The full-length BDNF protein has 247 amino acids and is encoded by the BDNF gene on human chromosome11p13. As a secreted protein, BDNF is initially synthesized in the endoplasmic reticulum as a precursor protein, called pre-pro-BDNF, which is cleaved into the pro-BDNF isoform (~ 32 kDa) when translocated to the Golgi apparatus. There are three fates of pro-BDNF: (1) intracellular cleavage by furin or convertases followed by release of mature BDNF (mBDNF) (~ 14 kDa); (2) secretion as pro-BDNF and extracellular cleavage by metalloproteinases 2 (MMP2), MMP9 and plasmin; (3) secretion as pro-BDNF without modification [55‐58]. The cleavage conversion of pro-BDNF is controlled by  tissue plasminogen activator (tPA) [59]. BDNF functions are subsequently initiated by binding to one of its receptors, such as TrkB and p75 neurotrophin receptor (p75^NTR) [60]. Notably, the balance of pro-BDNF and mBDNF is important for synaptic plasticity. Pro-BDNF binds specifically to p75^NTR to regulate cell death and long-term depression (LTD) [26, 61‐63], while mBDNF binds more readily to TrkB to promote cell survival and LTP [64, 65]. As a co-receptor, sortilin is also involved in pro-BDNF-induced apoptosis [66, 67]. The binding region of pro-BDNF-sortilin interaction is located within amino acid residues 71–100 [68]. Therefore, the distinct binding affinities of the BDNF isoforms to various receptors are closely correlated with their action on synaptic plasticity. As a portion of pro-BDNF, BDNF pro-peptide is generated through N-terminal cleavage of pro-BDNF. The BDNF pro-peptide is localized at presynaptic termini to enhance hippocampal LTD [26, 69] and regulate dendritic spine morphology [70]. Therefore, the mBDNF, pro-BDNF and BDNF pro-peptide all modulate synaptic functions in the brain.
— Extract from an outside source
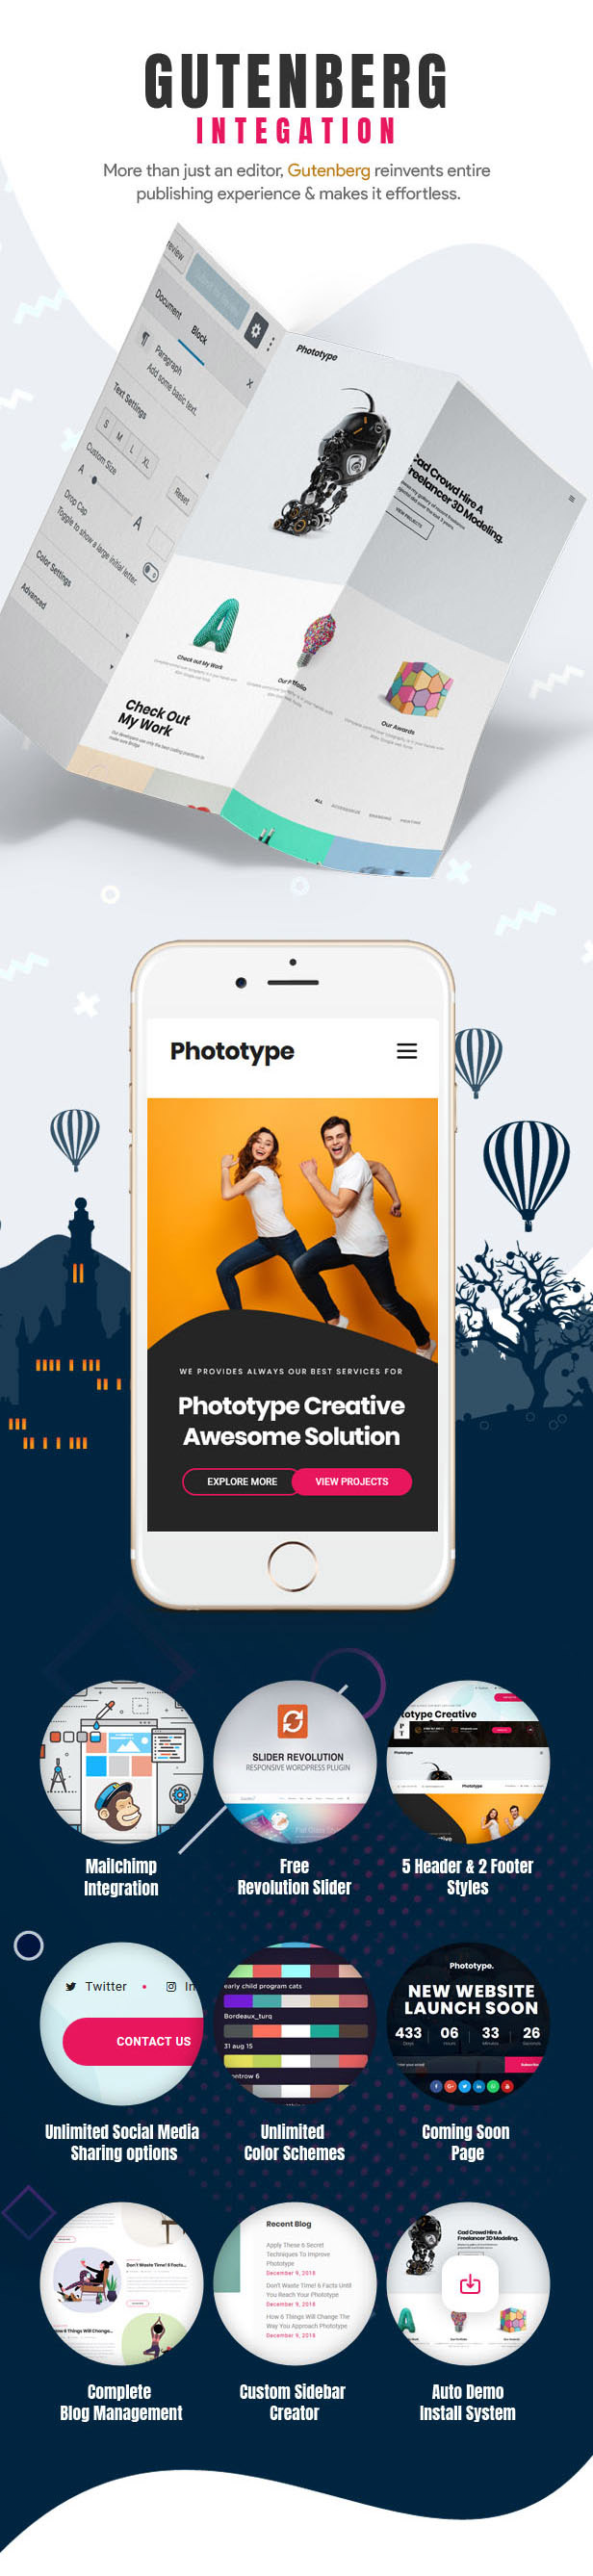 Phototype - Nuevo tema de WordPress Elementor Portoflio 2019 para agencias, sitios de fotografía - 4
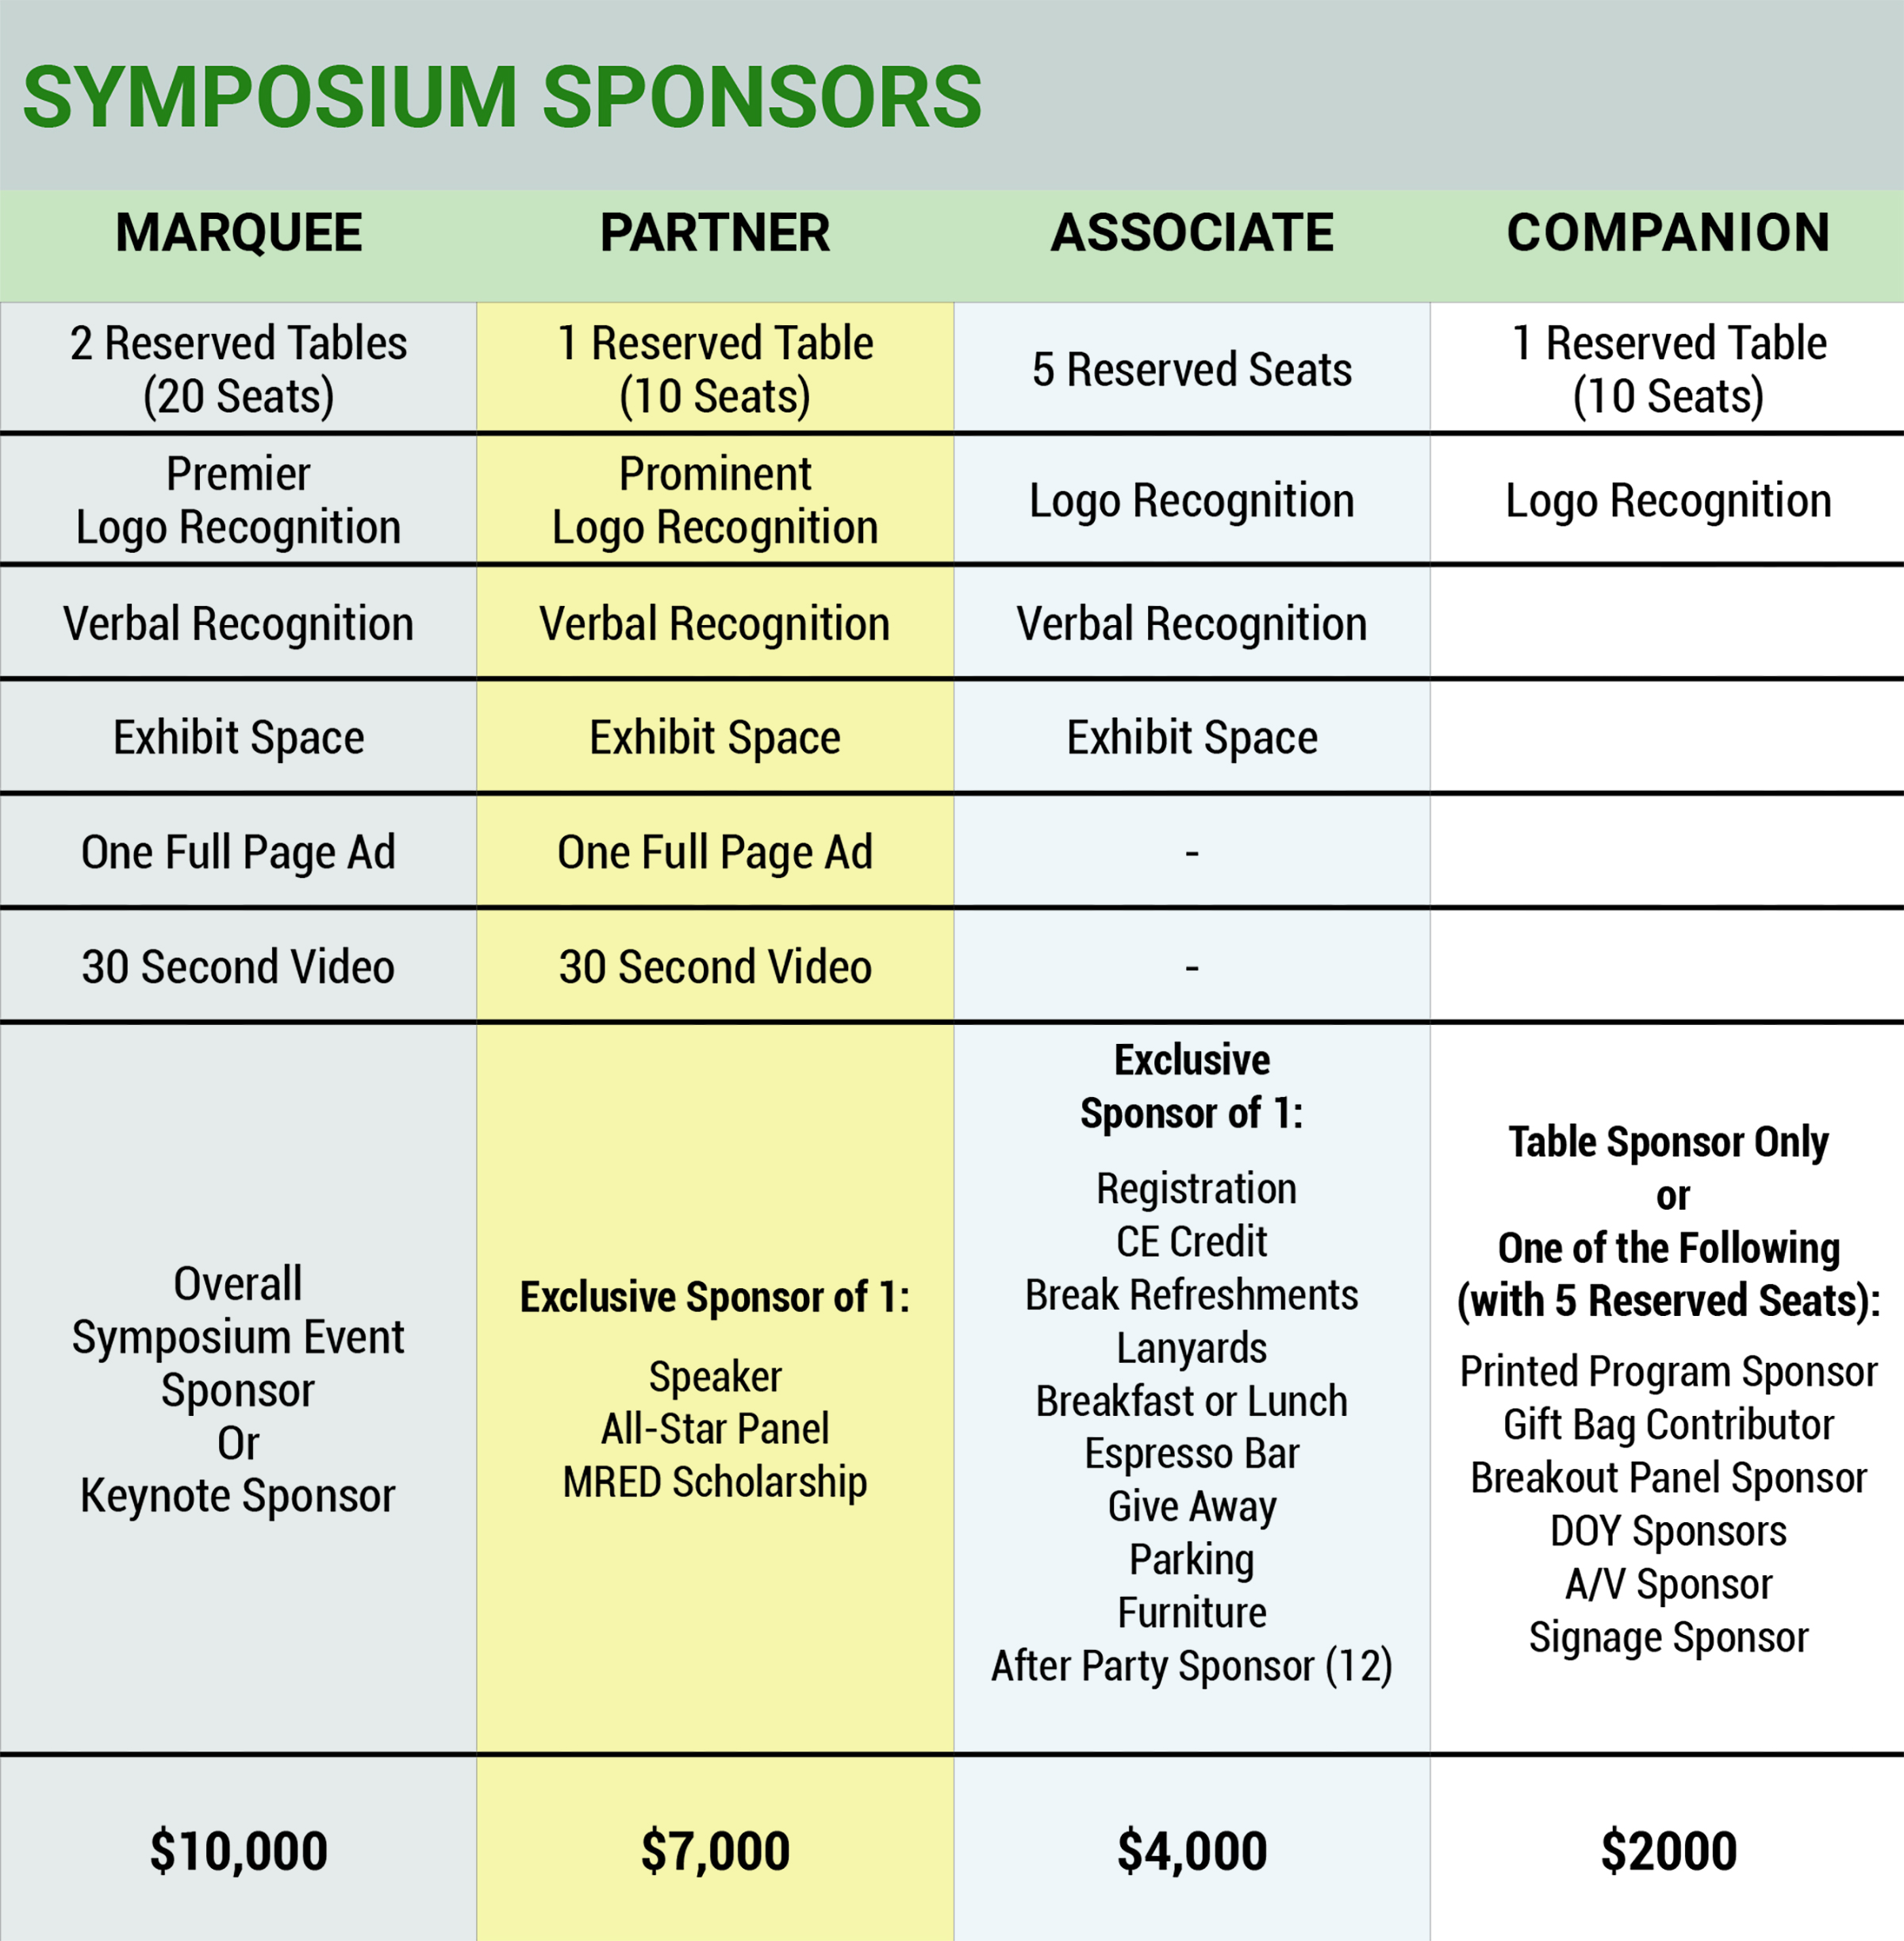 Symposium Sponsorships

BDNF serves many important functions in the adult brain and has been shown to play a critical role in supporting neuronal survival and differentiation [71], enhancing synaptic transmission [72] and synaptic plasticity [73], and promoting memory processes [71, 74]. The neurotrophic functions of BDNF are primarily mediated by the TrkB receptor [75]. BDNF and TrkB are present at both presynaptic and postsynaptic sites in neurons. Presynaptic BDNF promotes neurotransmitter release (e.g. glutamate and GABA) via the TrkB–MAP kinase–synapsin signaling cascade [76]. It has been reported that myosin VI (Myo6) and Myo6-binding protein (GIPC1) can form a complex to engage TrkB, which may be necessary for the BDNF–TrkB-mediated presynaptic function and synaptic plasticity [75]. Postsynaptic BDNF signaling contributes to enhancing the function of various ion channels, such as NMDAR, as well as calcium, sodium and potassium channels [77, 78]. Once activated, the synaptic effects of BDNF signaling occur within seconds [79]. Maintaining the functional regulation of the BDNF/TrkB system is vital to healthy ageing, as the loss of BDNF signaling in the adult brain has been associated with impaired learning and memory [80], declining cognition [81], and abnormal mood-related behavior [82].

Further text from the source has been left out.